Entonces, vio a Cale un grupo de redentores, y se fueron hacia él para atraparlo por tres lados. Una flecha le dio al de la izquierda en el ojo, y una saeta al de la derecha. El primero cayó en silencio, el segundo lo hizo gritando y arañándose el pecho. El tercero tenía todavía una mirada de sorpresa en el rostro cuando Cale le lanzó un golpe al cuello y le cortó la garganta hasta la médula espinal. Cayó revolviéndose en el barro, al lado del Señor de los Seis Condados al que había matado tan solo unos segundos antes. Entonces Cale se vio envuelto en una segunda lucha: apartó a un lado el brazo de su atacante, pegó con la frente en la cara del redentor y le atravesó el corazón hábilmente. Uno que llevaba podadera cayó con la boca abierta bajo el impacto de una de las saetas de Henri, pero la flecha de Kleist solo le dio al macero en el brazo. Su suerte duró dos segundos, pues Cale, resbalando en el barro, falló el golpe mortal y le dio en la barriga. Este cayó gritando y quedó tendido en el suelo, donde tardaría horas en morir. Entonces, otra oleada de infantería empujó hacia atrás a los redentores que quedaban, y Cale permaneció de pie, cubierto de sangre e impotente, sin saber si ir hacia un lado o hacia el otro. Toda su habilidad se quedaba en nada en medio de tanta confusión. Era tan solo un muchacho en medio de una multitud de moribundos.
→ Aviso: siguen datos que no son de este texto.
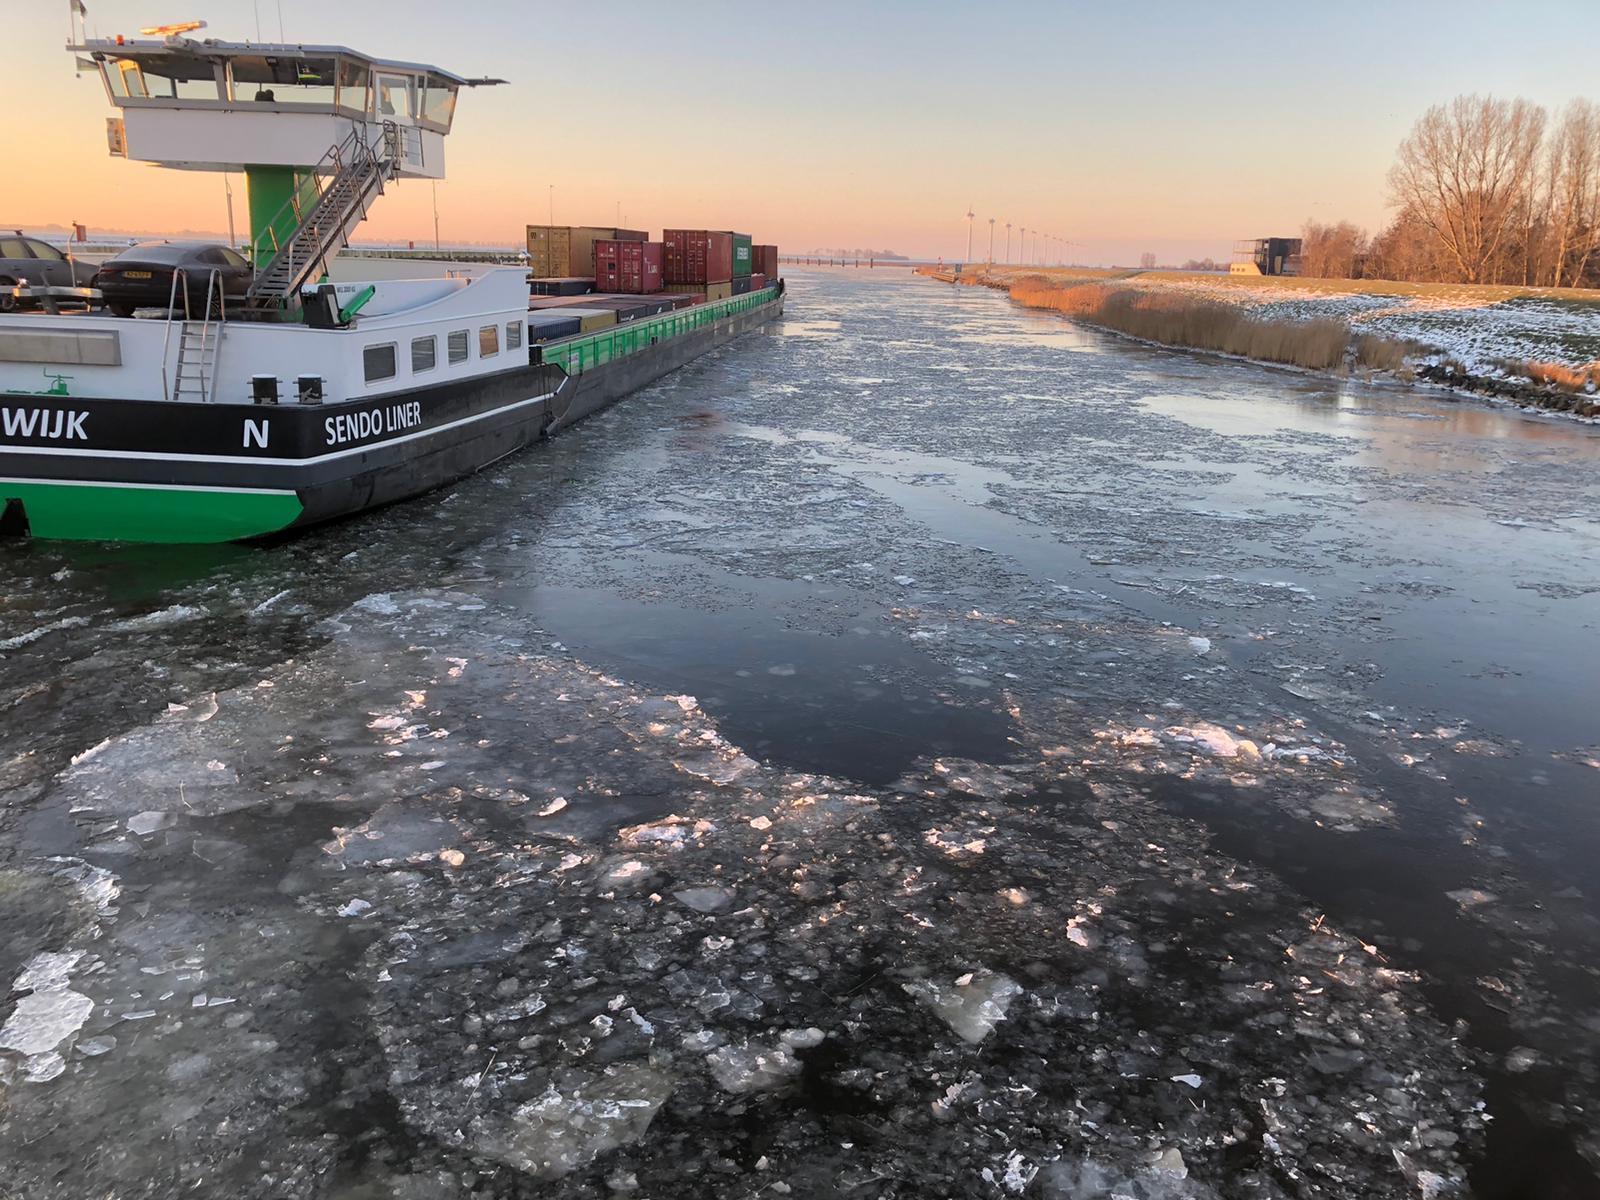 Door de inzet van ijsbrekers op de hoofdroute Lemmer-Delfzijl kon deze Sendoliner toch varen (Foto Rijkswaterstaat)
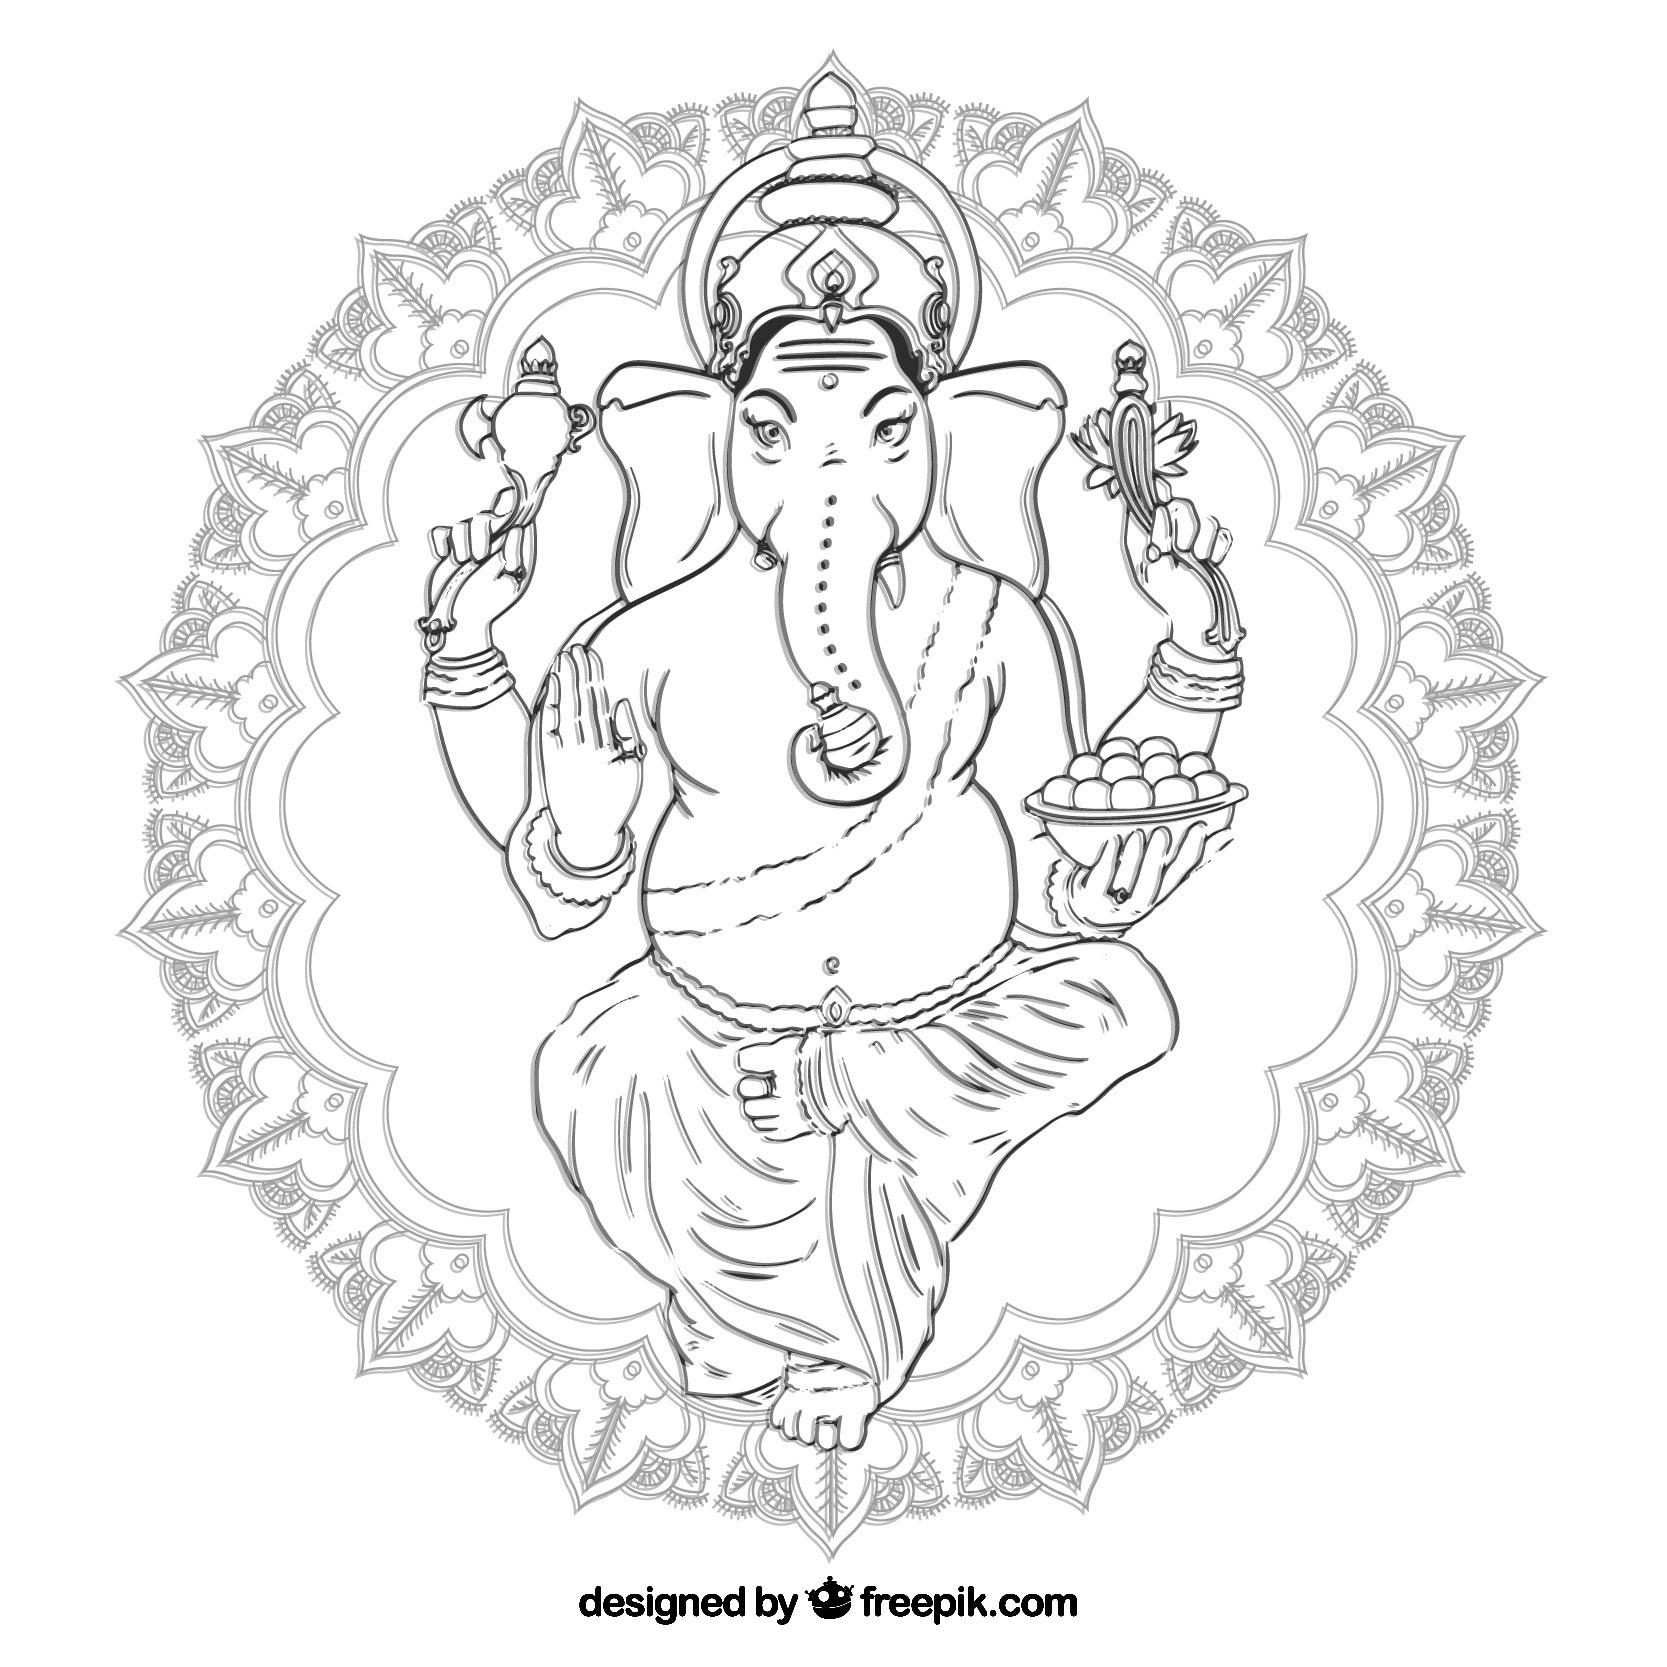 Mandala Monday-Free Ganesha Mandala to Color from Freepik

Y entonces, justo cuando estaba a punto de volverse, hubo otro derrumbe, el mayor hasta el momento. Cayeron hombres en una longitud de sesenta, unos tras otros, y de ese modo se abrió una brecha que llegaba hasta el frente. Durante un segundo, aterrorizado, pensó si aquella brecha era la boca de la mismísima muerte, que se abría para engullirlo. Pero el temor al fracaso ante los ojos de su amada le impulsó a meterse por aquel hueco abierto un instante y, capaz de correr mucho más rápido que los hombres vestidos de armadura que lo rodeaban, llegó hasta una distancia de tres metros del frente. Pero todo lo que encontró fue un impenetrable muro de Materazzi muertos o moribundos. Delante de él nadie tenía una herida, sencillamente se habían caído unos sobre otros. Estaban aplastados por el peso de los de arriba y empujados por detrás. Por unos instantes, no vio nada más que montones de muertos ni oyó otra cosa que un gemido bajo y extraño. Los yelmos de algunos se habían caído. Otros, atrapados pero con una mano libre, se lo habían quitado en un desesperado intento de respirar. Los rostros estaban amoratados, algunos casi negros. Algunos gemían en un esfuerzo horriblemente sibilante de llenar los pulmones, pero nada podía entrar en su pecho, espantosamente aplastado. En el breve espacio de tiempo que pasó mirando, vio respiraciones que se detenían y bocas que se abrían como la de un pez recién pescado. Algunos le hablaban, susurrando: «¡Socorro, socorro!». Intentó liberar a un par, tirando de ellos, pero era como si los hubieran emparedado en el hormigón con harina de arroz de los muros del Santuario. Se apartó un poco para examinar los montones de muertos y moribundos que lo rodeaban gimiendo.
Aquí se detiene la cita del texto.